Proprio per quella mia difficoltà a interagire con gli sconosciuti di cui sopra rimorchiare non rientra nelle mie principali attività, ma nonostante ciò fin dall’inizio ho pensato che il solo fatto di essere una donna mi avrebbe reso le cose più semplici. O almeno, questo è ciò che pagine Facebook come “morti di figa che cercano di rimorchiare” sembrano suggerire con la stessa insistenza con cui mi torna in mente quella volta che ho attraversato un’intera discoteca con uno sconosciuto che mi abbracciava da dietro. Convinta che fosse un'amica me lo sono portato in spalla per tutto il locale, e non ero nemmeno sbronza.

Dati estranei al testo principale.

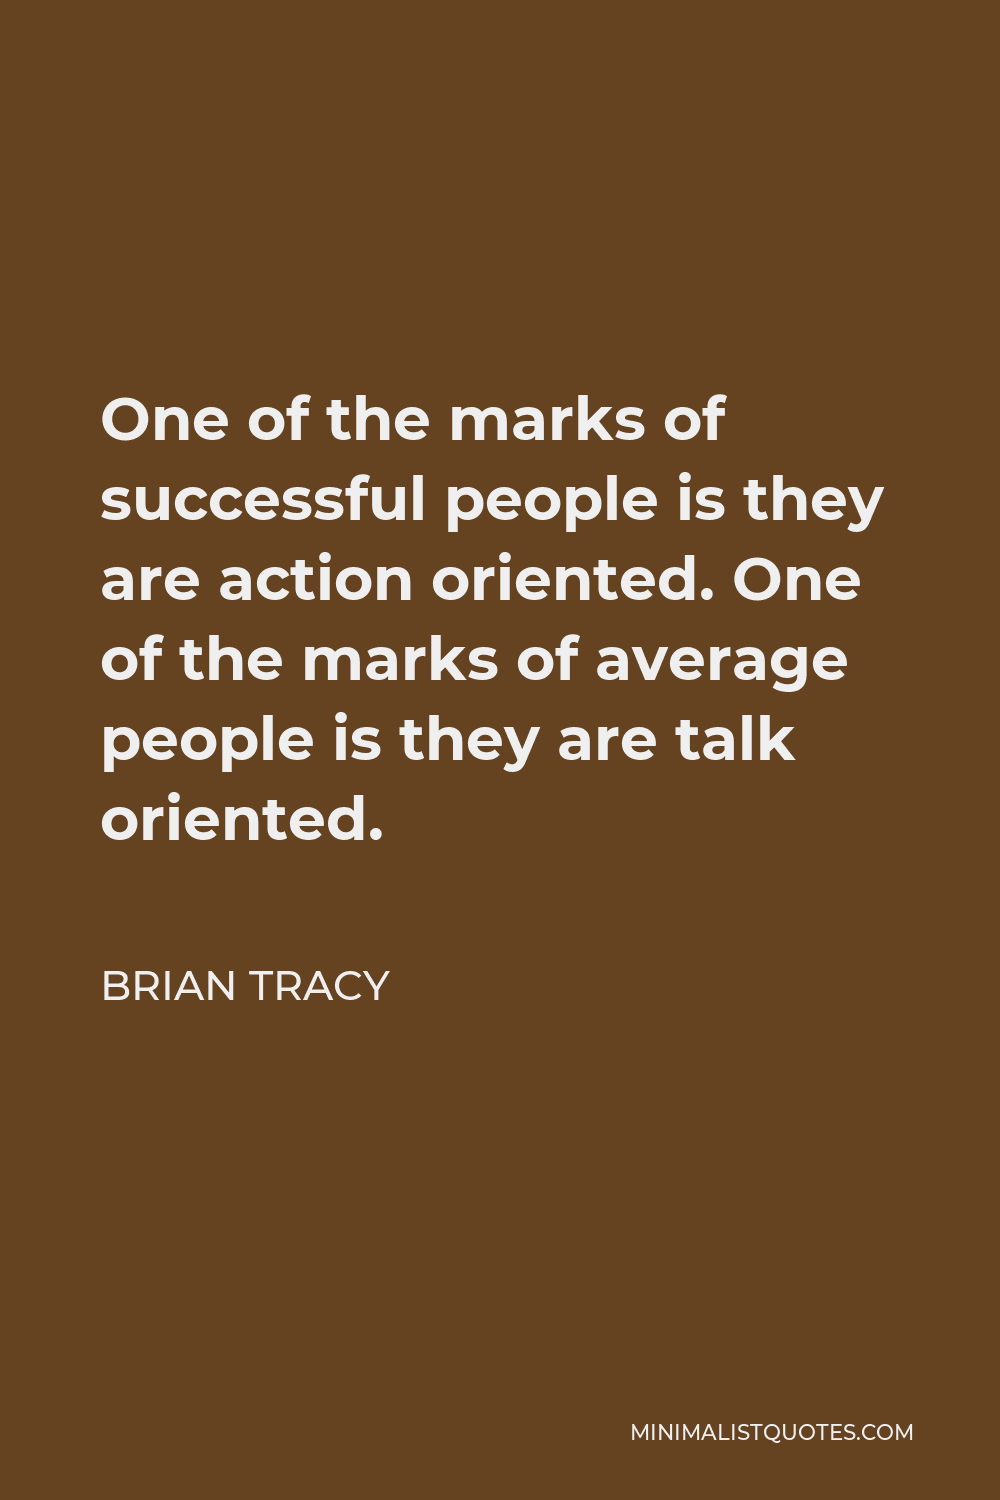 Brian Tracy Quote - One of the marks of successful people is they are action oriented. One of the marks of average people is they are talk oriented.

Quindi mi sono preparata spiritualmente al pubblico dileggio, e ho passato tre giorni della mia vita ad aggiungere uomini provenienti da ogni anfratto sociale. La tecnica disperata dell'articolo di Niccolò era quella di inviare messaggi random—con tanto di richieste d'amicizia per evitare che questi finissero tutti nella sezione "altri"—fino a che una delle ragazze non avesse accettato o l'autore non avesse raggiunto l'umiliante cifra di 5000 tentativi andati a vuoto. Alla fine, eroicamente, è riuscito a rimediare un appuntamento al buio—forse troppo buio per poterlo accettare. Ho deciso che io avrei fatto una cosa simile, e che non mi sarei fermata finché non fossi riuscita a rimediare un appuntamento sufficientemente appetibile. Oppure non avessi rischiato di dovermi rivolgere ad un programma di protezione.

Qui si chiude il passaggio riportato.